Tuesday, September 05, 2017


LOL Bob Breck made a "typo".
Before I begin…let me correct a typo from my last blog.  I mentioned a Cat. 6 hurricane.  There is no such thing.  The top end of the scale is Cat. 5.       My bad, but perhaps it’s how I feel about the strength of this storm? 
This hurricane goes to 11, apparently.  Bob was never one to shy away from feeling the weather at us.  Neither, by the way, has anyone on your social media feed where it seems everyone has decided we can steer the storms away from us through sheer force of our collective emoting via hyperbolic typos similar to Bob's.  I know it's a big storm, y'all. And I know everyone is jumpy because another big storm just hit. But the same rules apply to this one as any other.  The models are only as good as the models ever are and no prediction beyond three days is even worth looking at.

Of course, that won't stop your local officials from overreacting in the extreme, as is their wont.
The typical trigger for a local evacuation has long been the approach of a storm with Category 3 winds or greater. But that threshold has been lowered to a Category 1 with heavy rain-making potential, in light of the city’s diminished drainage capacity, the Governor’s Office of Homeland Security and Emergency Preparedness said.

“We are prepared to execute what we would normally execute for a Category 3 or higher. We are prepared to pull those triggers on perhaps a Category 1 with a lot of rainfall,” said Christopher Guilbeaux, an assistant deputy director with GOHSEP.

New Orleans would likely also clear out if any rain event — with or without strong winds — is forecast to bring 20 inches of rain to the area, according to GOHSEP.

The thing to understand about the timing of an evacuation call is it's as much about protecting officials from criticism as it is about protecting the public from harm. In fact there is no simple solution to what might be the best, safest decision for everyone. Not every individual in the path of a storm faces the same danger. Maybe some are less likely to flood than others. Some are not in the best condition due to health, age, etc. to up and run without difficulty. A lot of people simply can't afford to go and stay away from home for very long.  Not to mention, every storm is a unique event and the factors that determine what is the safest way to react are different every time. By imposing a too rigid evacuation protocol, officials run the risk of putting many in greater danger than necessary.
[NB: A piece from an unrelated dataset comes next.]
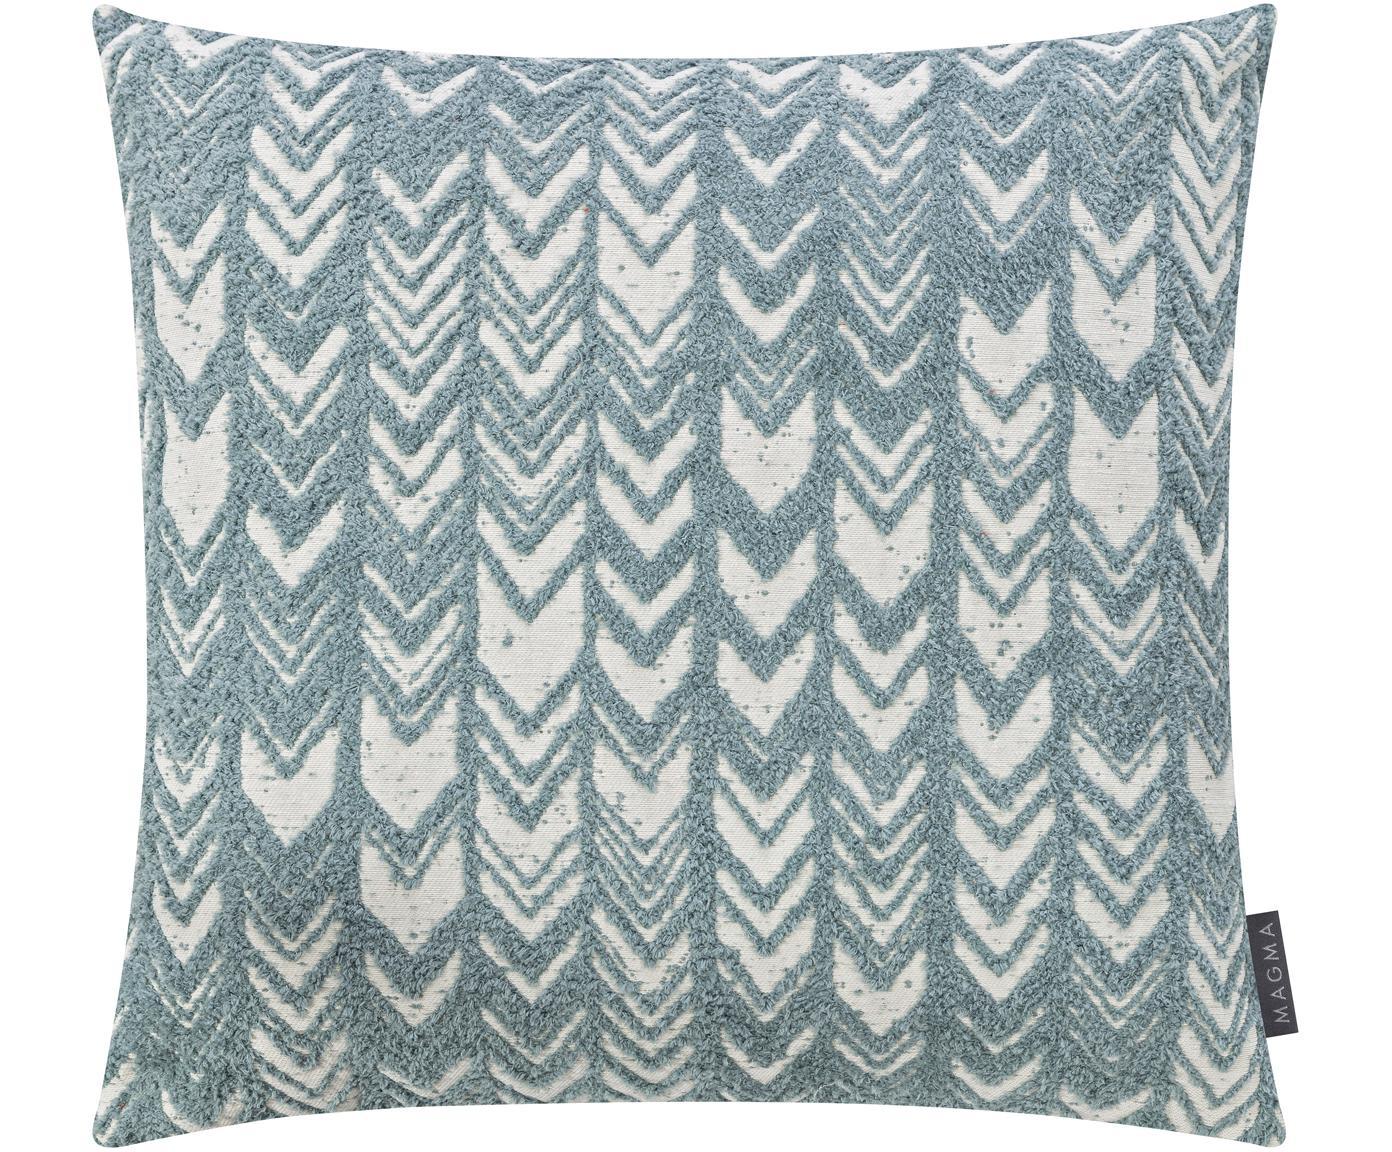 Kussenhoes Tilas met hoog-laag patroon, Weeftechniek: jacquard, Mintblauw, crèmekleurig, 40 x 40 cm

So the "triggers," as the mayor's office all but comes out and says here are arbitrary.
GOHSEP’s revelation of the triggers being considered appeared to peeve Mayor Mitch Landrieu’s administration, which has been hesitant to publicly cite new thresholds for evacuations as repairs are being made to the city's pumps. Instead, administration officials have said they would consider storms on a case-by-case basis.

And city officials on Friday said any previously announced threshold for evacuation could change, depending on a specific storm’s track, strength and character. They also said that they, not the governor's office, should be considered the final authority on when and whether citizens should leave.
From the looks of things, though, the Governor's office is going to err on the side of covering its own ass. Just something to take into account if and when we have to interpret their actions as Irma or whatever storm that gets into the Gulf next approaches.